Next, if the claim exists independently from the CBA, the court must still decide whether it is “ ‘substantially dependent’ on the terms of a CBA’ by determining ‘whether the claim can be resolved by ‘looking to’ versus interpreting the CBA.” Id. at 1060 (citing Caterpillar, 482 U.S. at *1187394, 107 S.Ct. 2425 and Livadas, 512 U.S. at 125, 114 S.Ct. 2068). If the claim requires interpretation of the CBA, the claim is preempted; if the claim merely requires “looking to” the CBA, it is not preempted. Id. Although the “ ‘look to’/‘interpret’ distinction” is often difficult to draw, see id. “when the meaning of the contract terms is not the subject of dispute, the bare fact that a collective-bargaining agreement will be consulted in the course of state-law litigation plainly does not require that the claim be extinguished.” Livadas, 512 U.S. at 124, 114 S.Ct. 2068. “ ‘[Section] 301 does not permit parties to waive, in a collective-bargaining agreement, nonnegotiable state rights’ conferred on individual employees.’ Valles v. Ivy Hill Corp., 410 F.3d 1071, 1076 (9th Cir.2005) (quoting Balcorta v. Twentieth Century-Fox Film Corp., 208 F.3d 1102, 1111 (9th Cir.2000)). “In particular, the [Supreme Court] has sought to preserve state authority in areas involving minimum labor standards.” Id. “Thus, in order for complete preemption to apply, ‘the need to interpret the CBA must inhere in the nature of the plaintiffs claim. If the claim is plainly based on state law, § 301 preemption is not mandated simply because the defendant refers to the CBA in mounting a defense.” Id. (quoting Cramer, 255 F.3d at 691); see also Vasserman v. Henry Mayo Newhall Memorial Hosp., 65 F.Supp.3d 932, 951 (C.D.Cal.2014) (“[A] state law claim will be preempted if it is so ‘inextricably intertwined’ with the terms of a labor contract that its resolution will require judicial interpretation of those terms.”) (citing Allis-Chalmers, 471 U.S. at 213, 105 S.Ct. 1904).
DISCUSSION
I. Request for Judicial Notice
In conjunction with its Motion to Dismiss, Mission requests that the Court take judicial notice of (1) the CBAs it claims were in effect while Densmore was employed by Mission; and (2) a separate wrongful-termination complaint, Case No. 15 CECG 03251, filed by Densmore against Mission in state court that provides additional relevant factual context. See Doc. 6-2 (Request for Judicial Notice), Ex. 1 (wrongful-termination complaint), Ex. 2 (CBA in effect from 2006-2012), Ex. 3 (CBA in effect from 2006-2014), Ex. 4 (CBA in effect from 2015-2018). Because the Court “may take notice of proceedings in other courts, both within and without the federal judicial system, if those proceedings have a direct relation to matters at issue,” the Court grants Mission’s request as to the separate wrongful-termination complaint. See United States v. Black, 482 F.3d 1035, 1041 (9th Cir.2007). Moreover, the Court “may take judicial notice of a CBA in evaluating a motion to dismiss.... [as] such documents properly are considered [ ] materials ‘not subject to reasonable dispute’ because they are ‘capable of accurate and ready determination by resort to sources whose accuracy cannot reasonably be questioned.’ ” Jones v. AT & T, No. C 07-3888 JF, 2008 WL 902292, *2 (N.D.Cal. Mar. 31, 2008). Therefore, the Court also grants Mission’s request with respect to the three CBAs. See id.
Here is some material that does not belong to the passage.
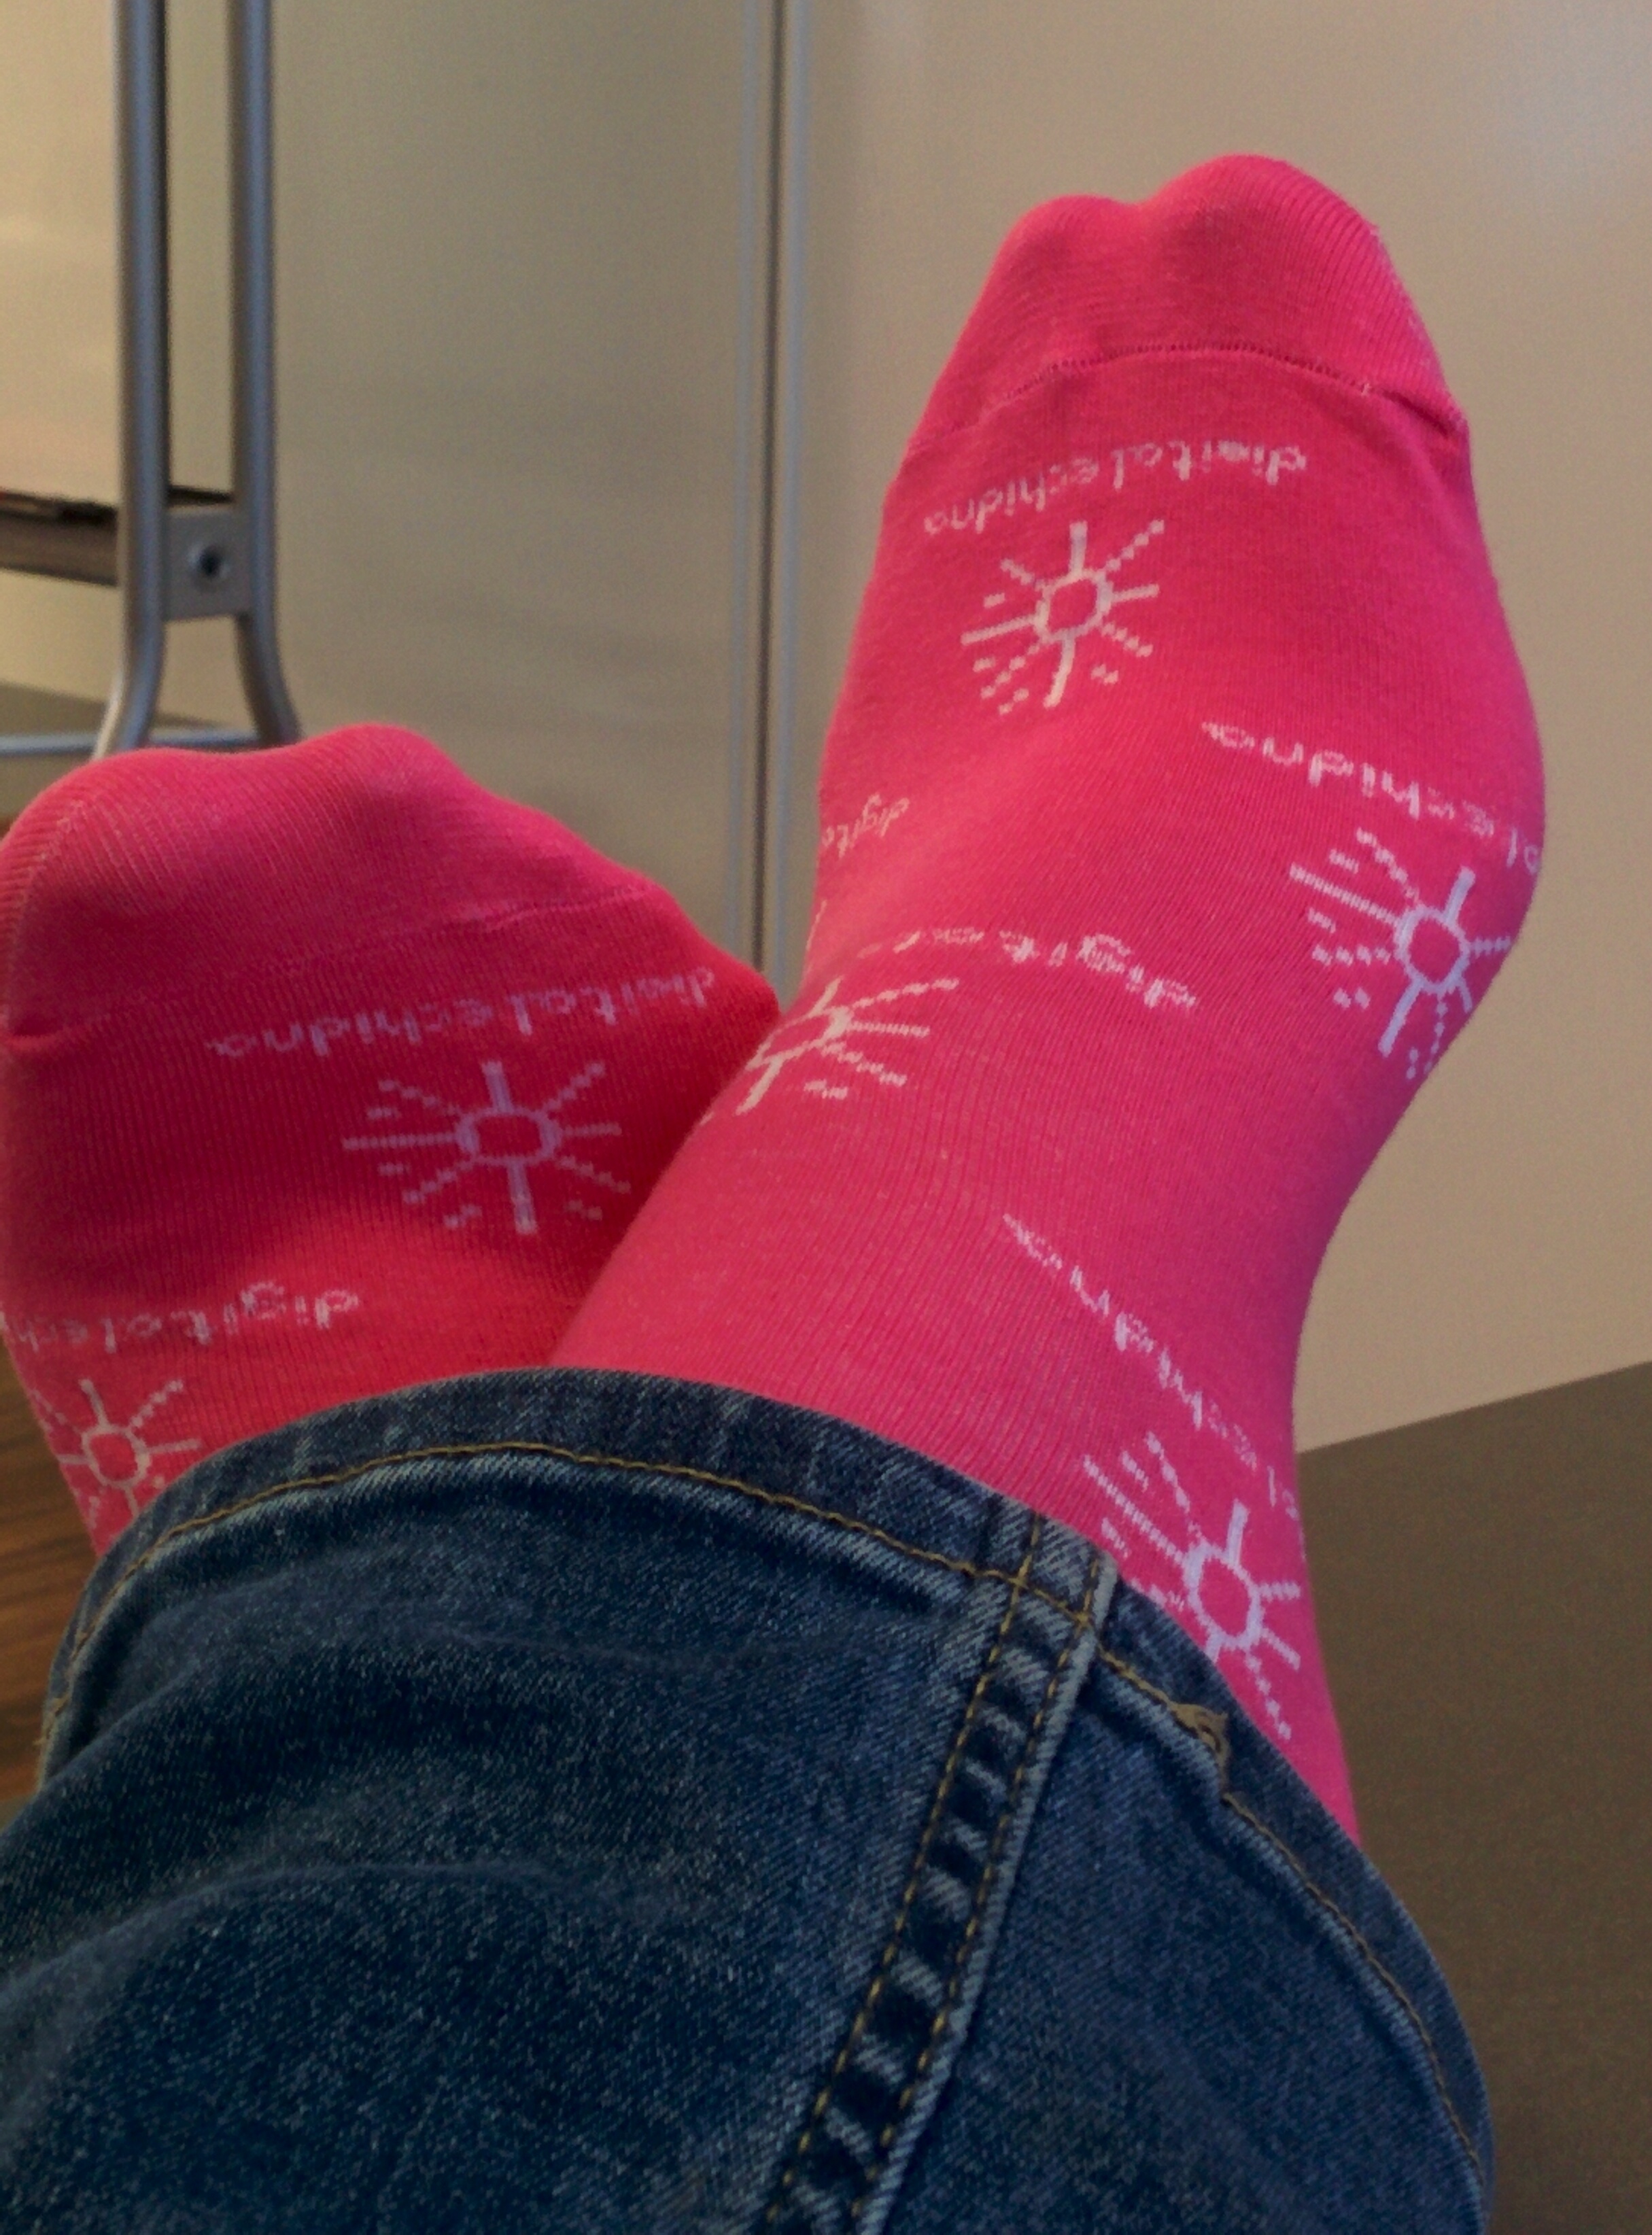 An image of someone wearing pink Digital Echidna socks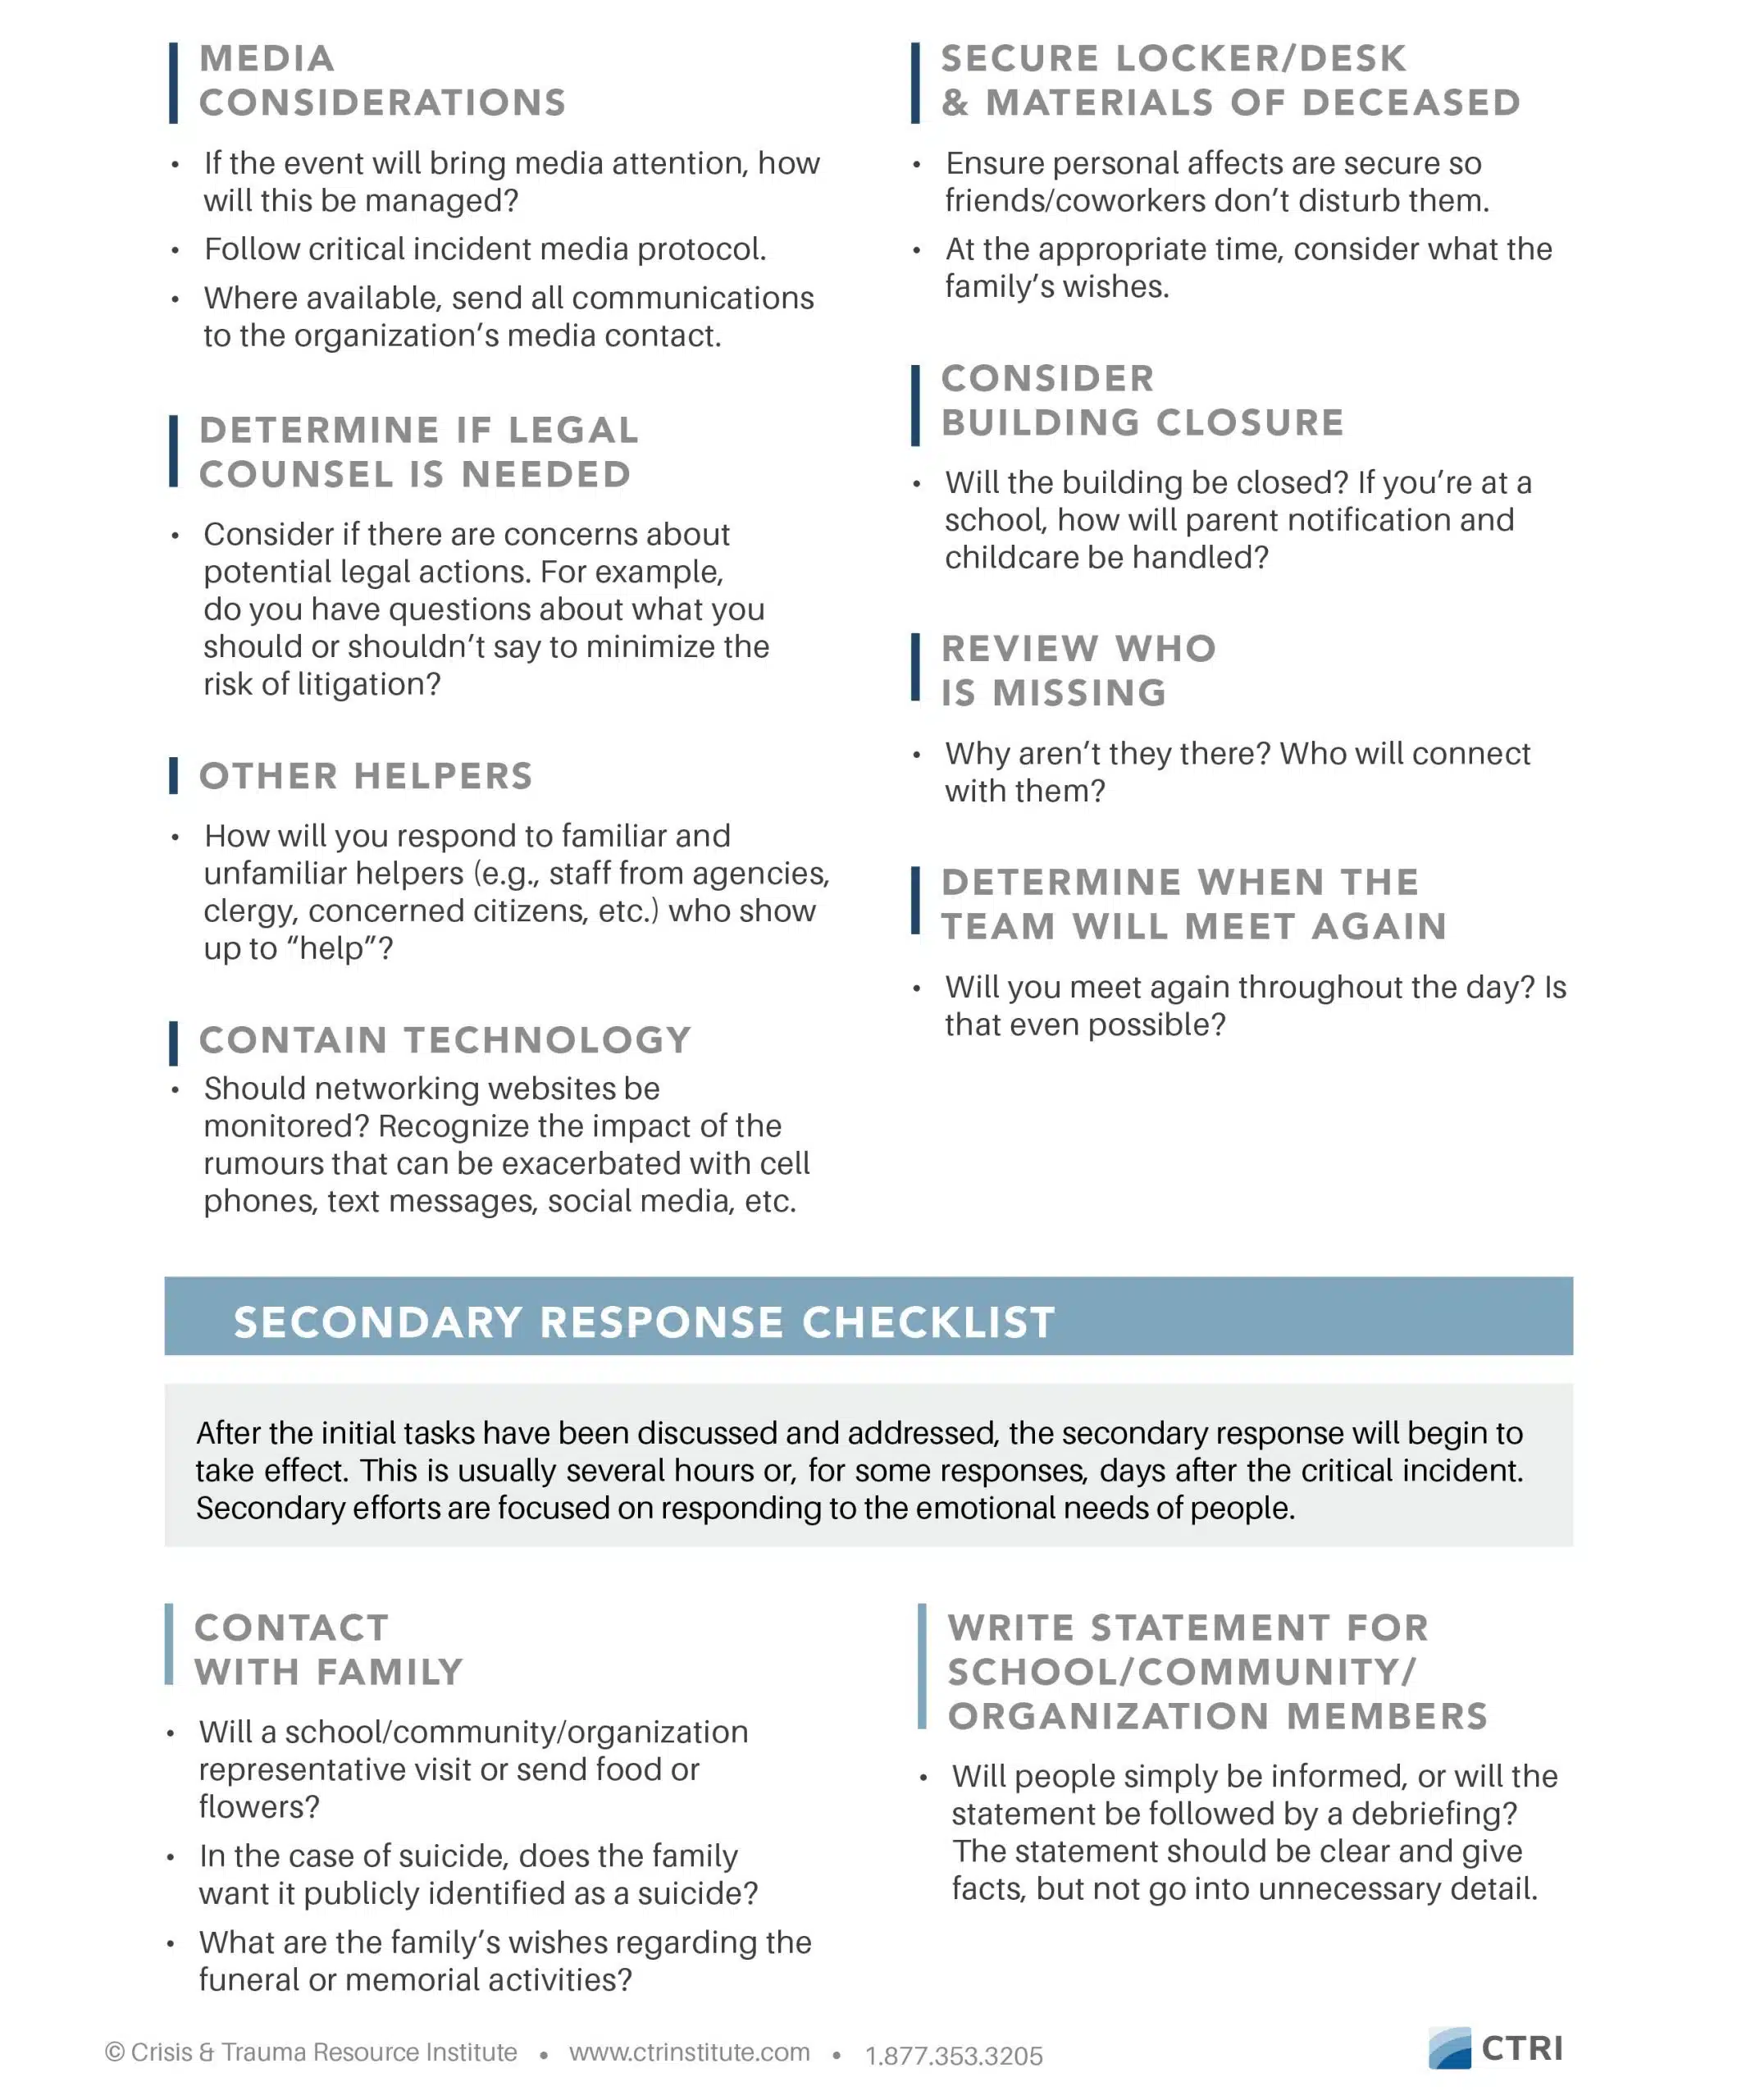 Crisis Response Checklist Printable handout page 2 image

II. Applicability of the CBAs to Dens-more’s Employment with Mission
Densmore argues that Mission has failed to provide evidence that “any purported CBA” applied to him during the relevant time periods. Doc. 13, at 8. However, upon review of the record and the CBAs themselves, the Court finds that Densmore was in fact “covered” by the CBAs for the entirety of his employment with Mission. In its Notice of Removal (Doc. 2), Mission included the sworn declaration of Steve Kulchin, its Vice President *1188of Human Resources who has worked in his position for over fifteen years (Doc. 2-2).2 Mr. Kulchin attests that as part of his official duties, he has access to, and is familiar with business records, data, and other information related to Mission’s employment of employees represented by various labor organizations. Doc. 2-2 ¶ 2. Based on Mr. Kulchin’s review of business records maintained by Mission in the ordinary course of business, Mr. Kulchin attests that Densmore “was at all times relevant to this action, represented by a labor organization and employed pursuant to one of three collective-bargaining agreements between Mission Linen Supply and such labor organizations.” Id. ¶ 3. The first CBA became effective October 1, 2006 and would “remain in full force and effect until September 30, 2009 and [would] continue in full force and effect from year to year thereafter unless written notice is given by either party ... to terminate, modify, or amend said Agreement.” Doc. 6-2, Ex. 2, at 493. On July 2, 2012, Mission and the Union signed an agreement extending the CBA through September 30, 2012. Id., at 53. The second CBA, effective beginning on October 1, 2006, contains a clause identical to the first that extends its effect from year to year until written notice is given by either party. Id., Ex. 3, at 83. The third CBA was entered into on January 1, 2015, and will continue in effect until 2018. Id., Ex. 4, at 89, 115. According to Mr. Kulchin’s declaration, the third CBA contained a renegotiation that effectively ended the second CBA in 2014. Doc. 2-2 ¶ 5.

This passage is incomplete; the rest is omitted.